The sub function searches a string for matches to a regular expression just like grep does. However, rather than reporting matches, it replaces them with a replacement string. The replacement is a literal string, not a regex.

days <- c('Monday', 'Tuesday', 'Wednesday', 'Thursday', 'Friday', 'Saturday', 'Sunday')

grep('day', days, value = TRUE)

sub('day', 'DAY', days)

sub only acts on the first occurrence of the pattern. To replace all accurrences use gsub.

sub('e', '.E.', 'Wednesday')

gsub('e', '.E.', 'Wednesday')

backtracing

Characters in a regular expression can be grouped using parentheses: (Wednes)(day). The ability to recall these groups individually is called backtracing.

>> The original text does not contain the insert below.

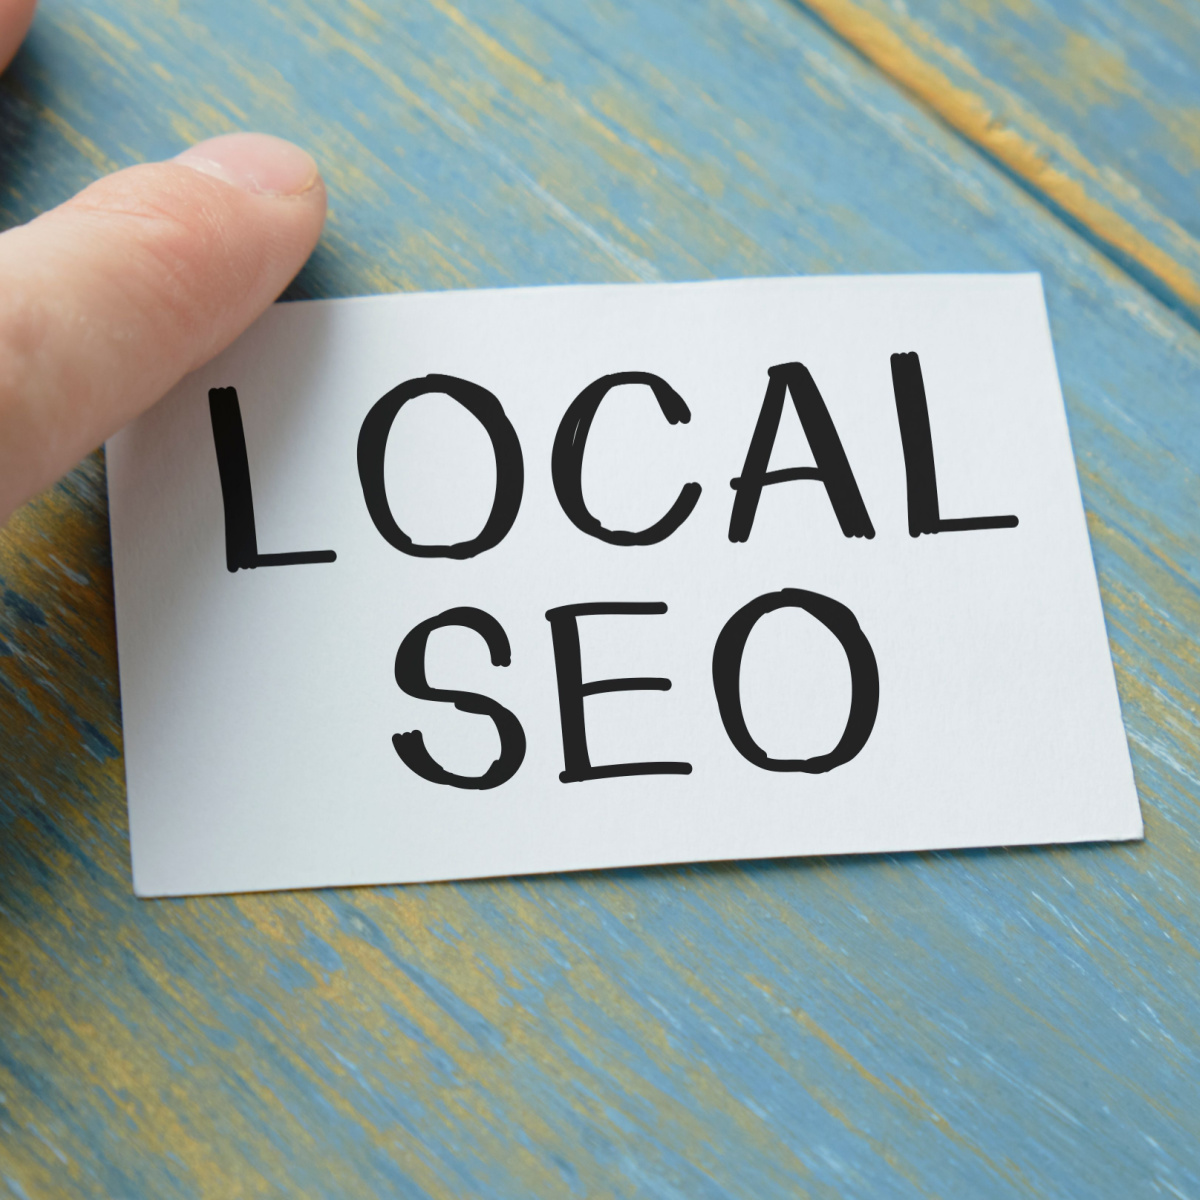 Business owner makes a note to remind him about the importance of Local SEO to his Houston digital marketing efforts.
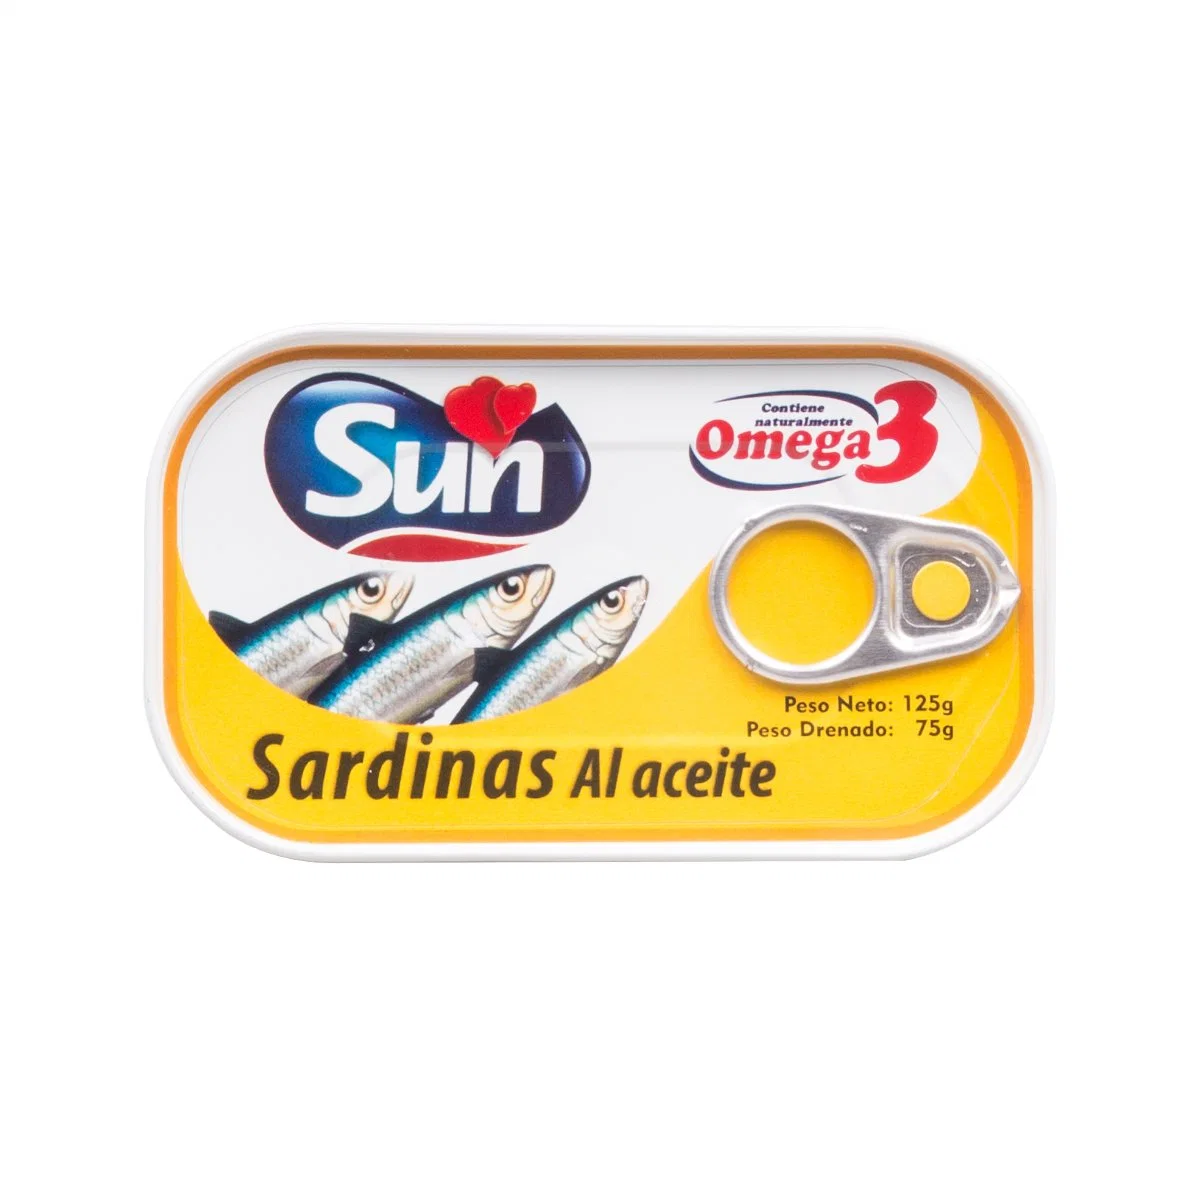 Cheap Canned Sardine Price in Vegetable Oil 125gx50tins

Backtracing allows for preserving a partial match during substitution, whereas normally the entire match is replaced.

sub('day', 'DAY', 'Wednesday')

sub('.*day', 'DAY', 'Wednesday')

sub('(.*)(day)', 'DAY', 'Wednesday')

sub('(.*)(day)', '\\1\\2', 'Wednesday')

sub('(.*)(day)', '\\1', 'Wednesday')

sub('(.*)(day)', '\\1DAY', 'Wednesday')